• **Task**
Write out again the lines from the line with "Pavarotti Trailer &" up to and including the line with "Nike AIR MAX", exactly as they stand below, and skip any picture.

• **Material shown**
= = = = = = =
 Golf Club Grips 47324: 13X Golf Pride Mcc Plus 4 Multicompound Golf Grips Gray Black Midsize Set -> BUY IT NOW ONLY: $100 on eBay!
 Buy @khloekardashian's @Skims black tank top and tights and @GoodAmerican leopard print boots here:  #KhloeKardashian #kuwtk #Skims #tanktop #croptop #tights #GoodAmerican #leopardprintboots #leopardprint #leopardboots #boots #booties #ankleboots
= = = = = = =
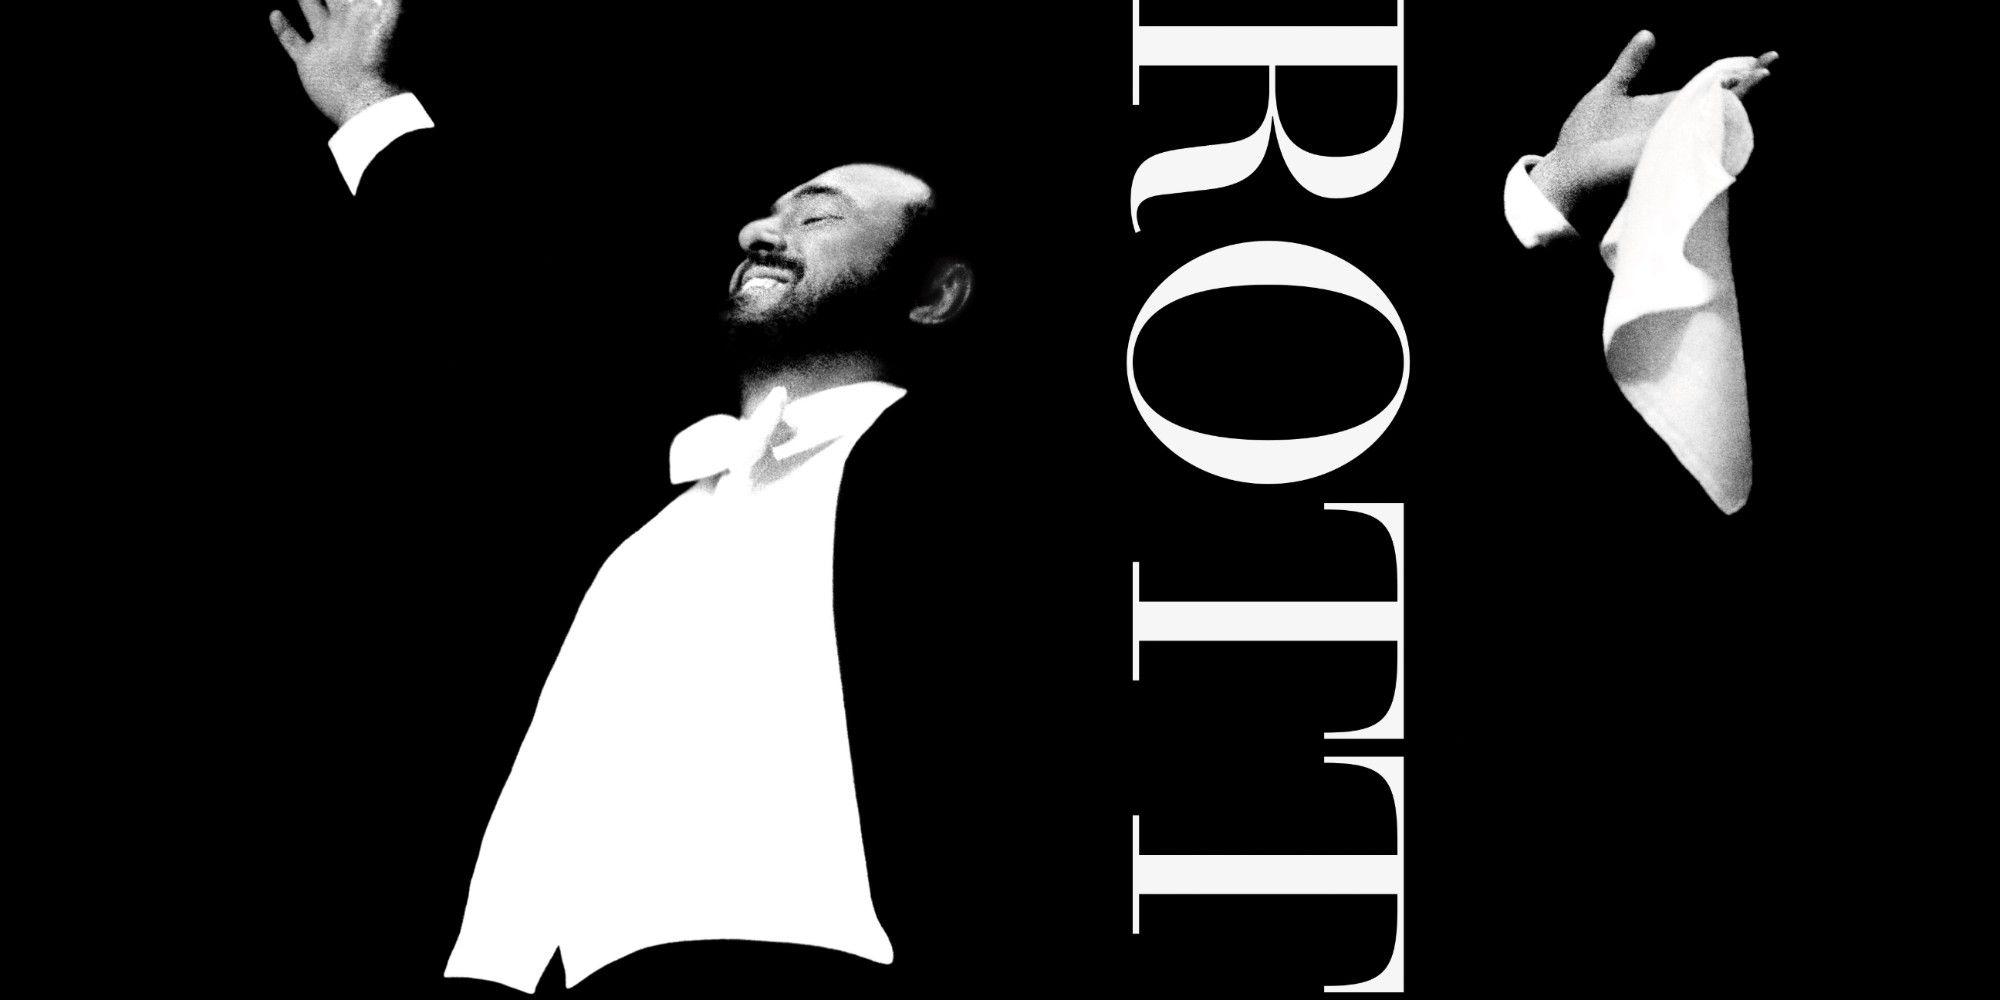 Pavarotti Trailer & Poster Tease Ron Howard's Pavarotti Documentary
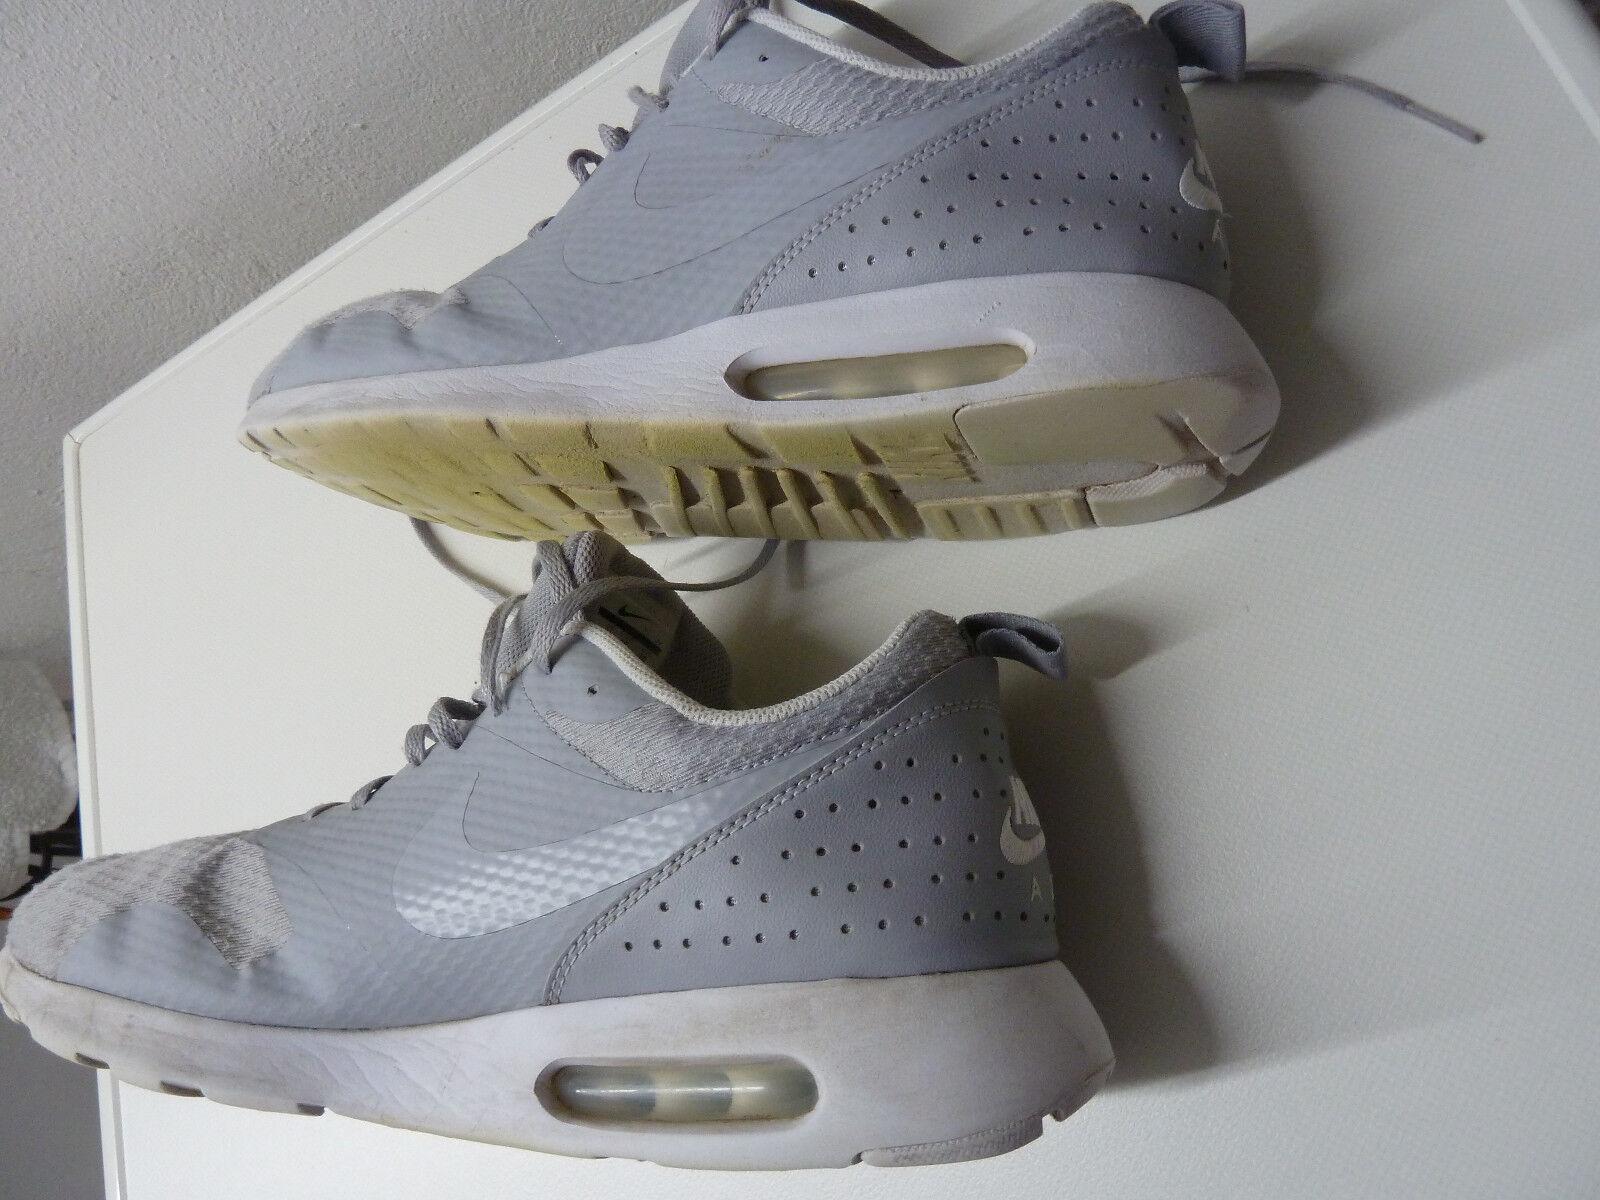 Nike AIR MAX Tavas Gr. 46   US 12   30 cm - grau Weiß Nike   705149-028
= = = = = = =
• **Exercise output**
 Pavarotti Trailer & Poster Tease Ron Howard's Pavarotti Documentary
 Nike AIR MAX Tavas Gr. 46   US 12   30 cm - grau Weiß Nike   705149-028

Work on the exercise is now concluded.